- 11 November 2021
- 2:00 – 4:00 pm
- This event is part of the online conference programme 'Graphic Landscape: The Landscape Print Series in Britain, c.1775–1850'
14.00–14.10 Introduction by Mark Hallett (Director, Paul Mellon Centre) and Felicity Myrone (Lead Curator, Western Prints and Drawings, British Library)
14.10–14.25 Sarah Moulden (Curator of 19th-Century Collections, National Portrait Gallery) , Creative Collaboration: Cotman’s Norfolk Etchings
14.25–14.40 Eleanore Neumann (PhD Candidate, University of Virginia) , Translating Topography: Women and the Publication of Landscape Illustrations of the Bible (1836)
14.55–15.00 Comfort break
15.00–15.15 Alisa Bunbury (Grimwade Collection Curator, Ian Potter Museum of Art, University of Melbourne) , Taken From Nature: Printed Views of Colonial Australia
15.15–15.30 Douglas Fordham (Professor of Art History, University of Virginia ), Travel Prints or Illustrated Books?
15.45–16.00 Panel discussion
About the speakers
Mark Hallett is Director of the Paul Mellon Centre for Studies in British Art. He is currently carrying out research for a forthcoming exhibition devoted to Constable and Turner, and leads the Centre’s Generation Landscape research project, of which this programme of webinars is a part.
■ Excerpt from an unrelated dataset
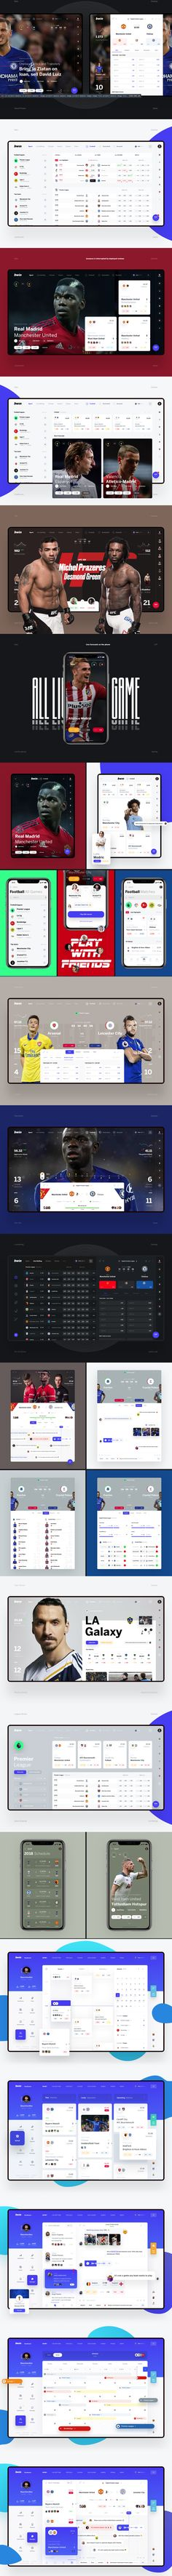 bwin Web Design, Layout Design, Adobe Xd, Dashboard Design, Ui Web, Website Designs, Dashboards, User Interface, Computers

Felicity Myrone is Lead Curator of Western Prints and Drawings at the British Library. She joined the Library as Curator of Topography and led a project cataloguing and digitising George III’s maps and views, the King’s Topographical Collection and a related research project, Transforming Topography. One outcome of the latter is the British Library webspace, Picturing Places. She was awarded a 2019–20 Paul Mellon Centre Mid-career Fellowship for Art in the Library, investigating how the fused and intertwined institutional histories of the British Museum, Natural History Museum and British Library have shaped attitudes to prints and drawings. Her current project is writing a book with the support of a 2021 Getty Foundation Paper Project grant. This will be the first handbook/guide to the British Library’s prints and drawings in Printed Books, Manuscripts, Music and Maps.
Sarah Moulden is Curator of 19th-Century Collections at the National Portrait Gallery. She completed her PhD at UEA in 2016 on the art and career of John Sell Cotman, focusing on how he attempted to construct a career in a fiercely competitive and congested art world. More broadly, it explored how we might now rethink the relationship between art and lived experience, and scrutinised the monographic form. The project involved working with Norwich Castle Museum and Art Gallery where she curated the exhibition Almost too daring for an individual: John Sell Cotman's One-man Show (2015–16). Formerly, Sarah was a curator at English Heritage, Dulwich Picture Gallery and again at the NPG.
Eleanore Neumann is a doctoral candidate in art and architectural history at the University of Virginia. Her research focuses on the imbrication of landscape, gender and empire in British art and visual culture of the late eighteenth and early nineteenth centuries. In her dissertation, she examines the visual and verbal landscapes produced by the British artist and author Maria Graham (1785–1842) as she travelled globally in the early nineteenth century. Neumann trained as a curatorial fellow in the Department of Prints and Drawings at the Philadelphia Museum of Art where she curated the exhibition Breaking Ground: Printmaking in the U.S., 1940–1960. She is the recipient of a Junior Fellowship from the Paul Mellon Centre for Studies in British Art, a Huntington Library Travel Grant and an RBS-UVA Fellowship at the Rare Book School, among others. Presently, she is collaborating with the Kluge-Ruhe Aboriginal Art Collection and Buku-Larrnggay Mulka Center on a digital StoryMap for the international exhibition Madayin: Eight Decades of Aboriginal Australian Bark Painting from Yirrkala.
Alisa Bunbury is the Grimwade Collection Curator at the Ian Potter Museum of Art, The University of Melbourne. Previously she was Curator of Prints and Drawings at the National Gallery of Victoria, Melbourne (2002–2017) and at the Art Gallery of South Australia, Adelaide (1999–2002). She has curated numerous exhibitions, including as lead curator of Colony: Australia 1770–1861 (National Gallery of Victoria, 2018) and has written widely, most recently as editor of, and principal contributor to, the major publication Pride of Place: Exploring the Grimwade Collection (The Miegunyah Press, 2020). Earlier this year she completed a National Library of Australia Curatorial Fellowship researching the early art of Norfolk Island which was settled six weeks after Sydney to become Britain’s second penal settlement in the Pacific.
Douglas Fordham is a Professor at the University of Virginia. He is interested in the relationship between art, media and the British Empire, including his most recent publication, Aquatint Worlds: Travel, Print and Empire, 1770–1820 (PMC, 2019). As a PMC Senior Fellow, he is working on a project titled, ‘Aboriginal Printmaking and the Bureaucratic State’.